All through the Granger contests the railways have weakened the force of their arguments by their misrepresentation of facts and by their extravagant predictions of ruin. The companies were continually proclaiming: 'If this or that is done, it will ruin us; it will ruin the State,' when, in fact, a road cannot be mentioned that has suffered from State legislation. Nineteen years ago no railroad manager could have written what Mr. Stickney writes to-day, and few railroad managers would write to-day what Mr. Mitchell wrote then. And yet, such is the change which public sentiment is undergoing upon these questions, that the utterances of many of our present railroad authors will appear as absurd a few years hence as Mr. Mitchell's letter of nineteen years ago appears to us now.
Many railroad attorneys have since been guilty of resorting to the sophistry employed by President Mitchell in that strange letter which he addressed to the Governor of Wisconsin. Even so distinguished a gentleman as Hon. James W. McDill, now a member of the Interstate Commerce Commission, made in 1888, as a member of a railroad lobby, the following remarkable statements before the Railroad Committee of the General Assembly of Iowa, in a speech opposing a proposed reduction of the passenger rate of first-class roads from three to two cents per mile:
"The proposition, if confined to the first-class roads of Iowa, proposes a one-third reduction of their revenues from passenger business.... We have earned in Iowa by first-class roads annually about $13,000,000, and a reduction of one cent, or from a rate of three cents to two, will reduce their revenues about $5,000,000 a year.... Thus it is seen that it is proposed to take from the revenues of a part of the railroads of Iowa, annually, almost as much as all the railroads of Iowa have paid for taxes in nine years ($6,549,505.84)."

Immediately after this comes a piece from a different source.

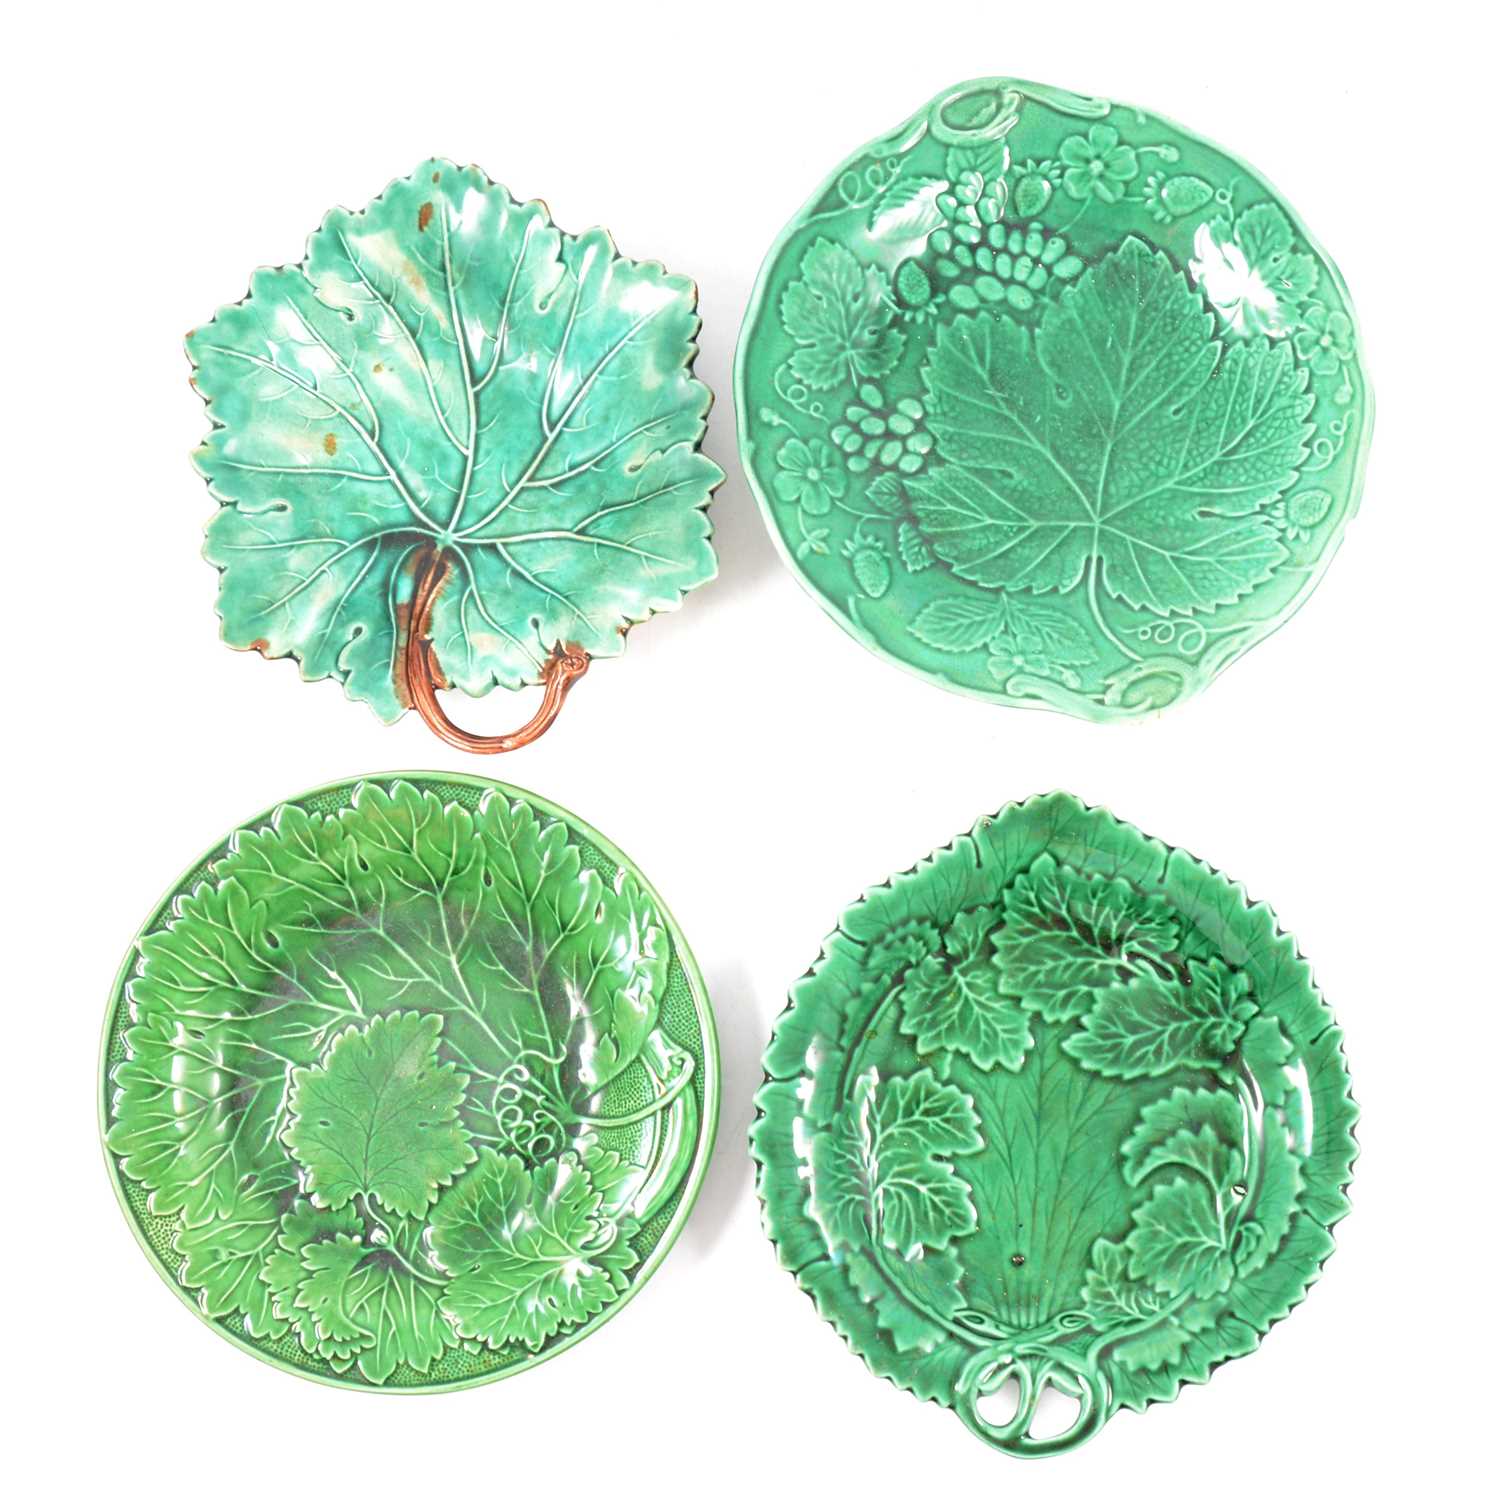 Lot 41 - Collection of Staffordshire green lead-glazed earthenware dessert plates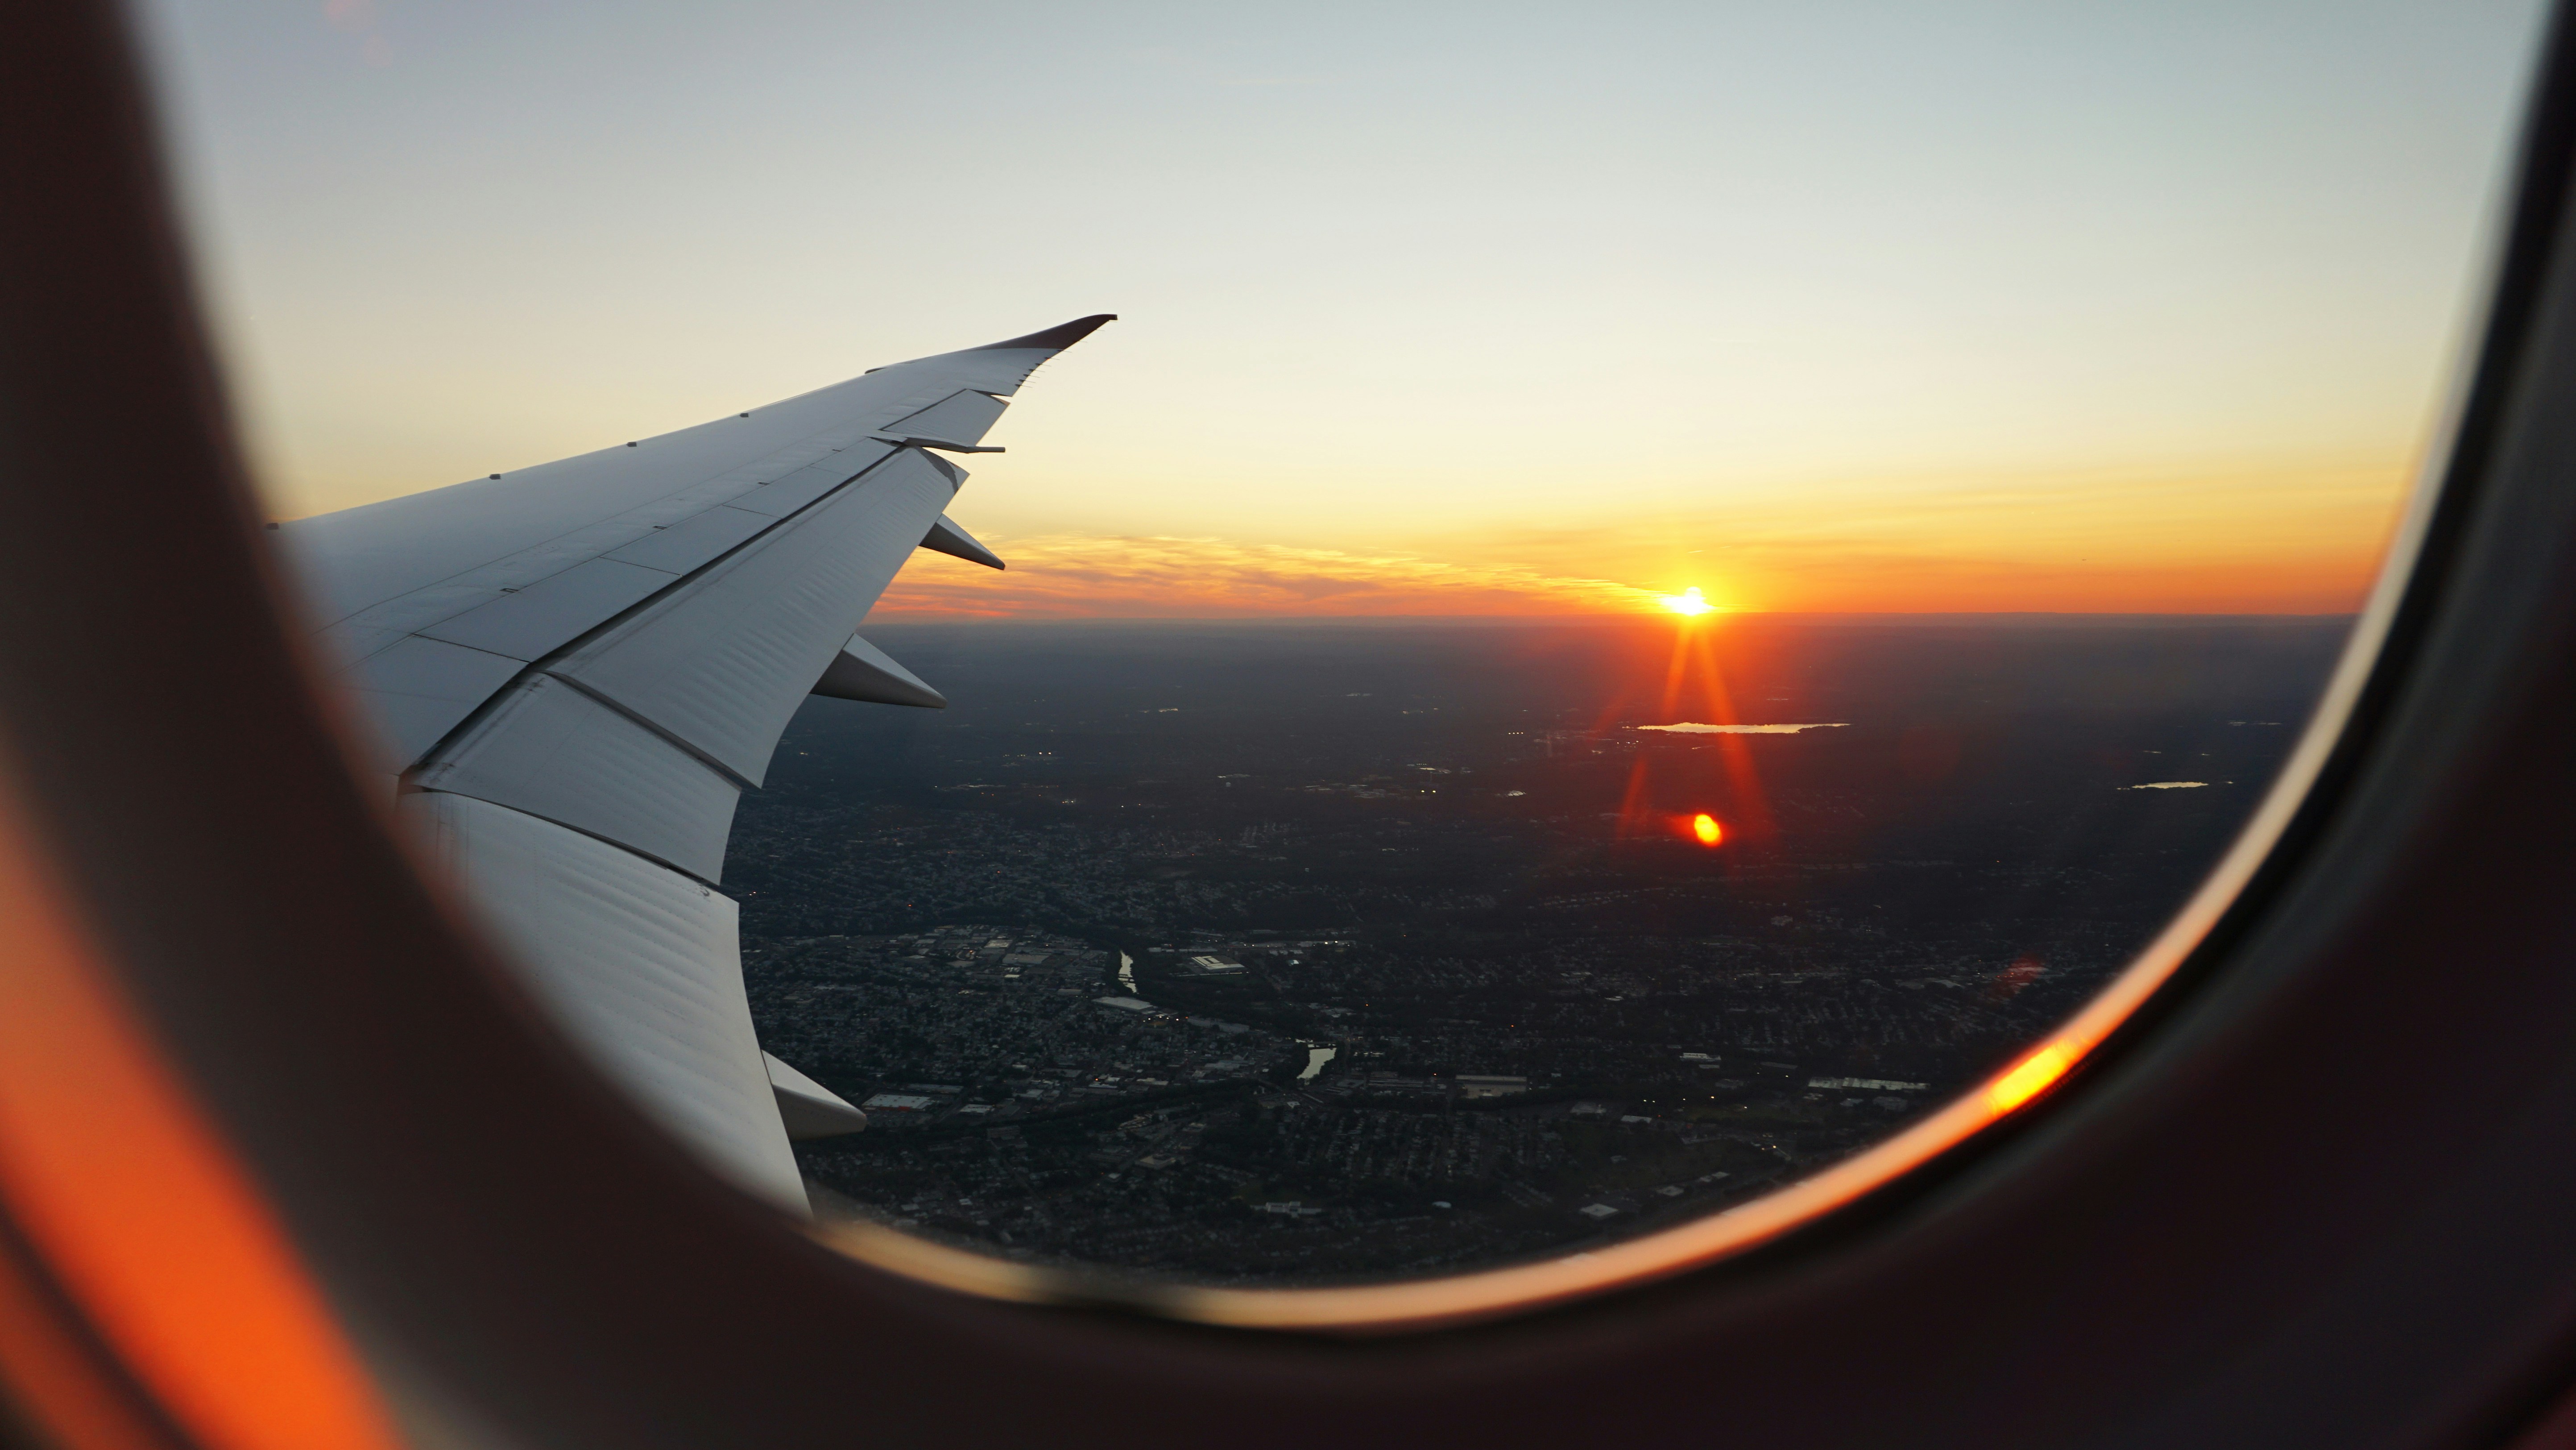 View from an airplane window during sunset, with the airplane wing visible and a landscape below with scattered lights. The sky is painted with warm hues of orange, pink, and purple as the sun sets, reflecting on a distant body of water.

Mr. McDill was a member of the Iowa Railroad Commission for several years. He may, therefore, be presumed to have known that the State of Iowa could not, and did not propose to, regulate interstate traffic, and that the thirteen million dollars railroad revenue to which he referred was derived both from interstate and State traffic; that the latter was only about one-fourth of the former, and that therefore the proposed reduction on the basis of schedule rates would have cut down the net revenue of the roads only about one million instead of five million dollars. But Mr. McDill himself states that the average rate earned by all the railroads of the United States was, for the year 1886, only 2.181 cents per passenger per mile. It certainly was not over 2-1/2 cents per mile for the first-class roads of Iowa. Thus the proposed reduction, instead of being one cent per mile, as stated by Mr. McDill, was only one-half cent per mile; and it only applied to the local business of the first-class roads. In other words, the bill under consideration, had it been enacted into law, would have caused a reduction of 20 per cent. on about 25 per cent. of the total revenue from passenger business of the first-class roads, or of five per cent. on their total income from passenger traffic in the State of Iowa. It will be noticed that Mr. McDill in his calculation made no allowance whatever for the increase of business which would have followed such a reduction. The gain from this source would probably have greatly exceeded the loss due to this small reduction in the fare. In the same address Mr. McDill made many other equally fallacious statements.
One of the most devoted advocates of the interests of railroad managers is Marshall M. Kirkman. He is the author of a number of books and pamphlets upon railway subjects, among them a pamphlet entitled "The Relation of the Railroads of the United States to the People and the Commercial and Financial Interests of the Country."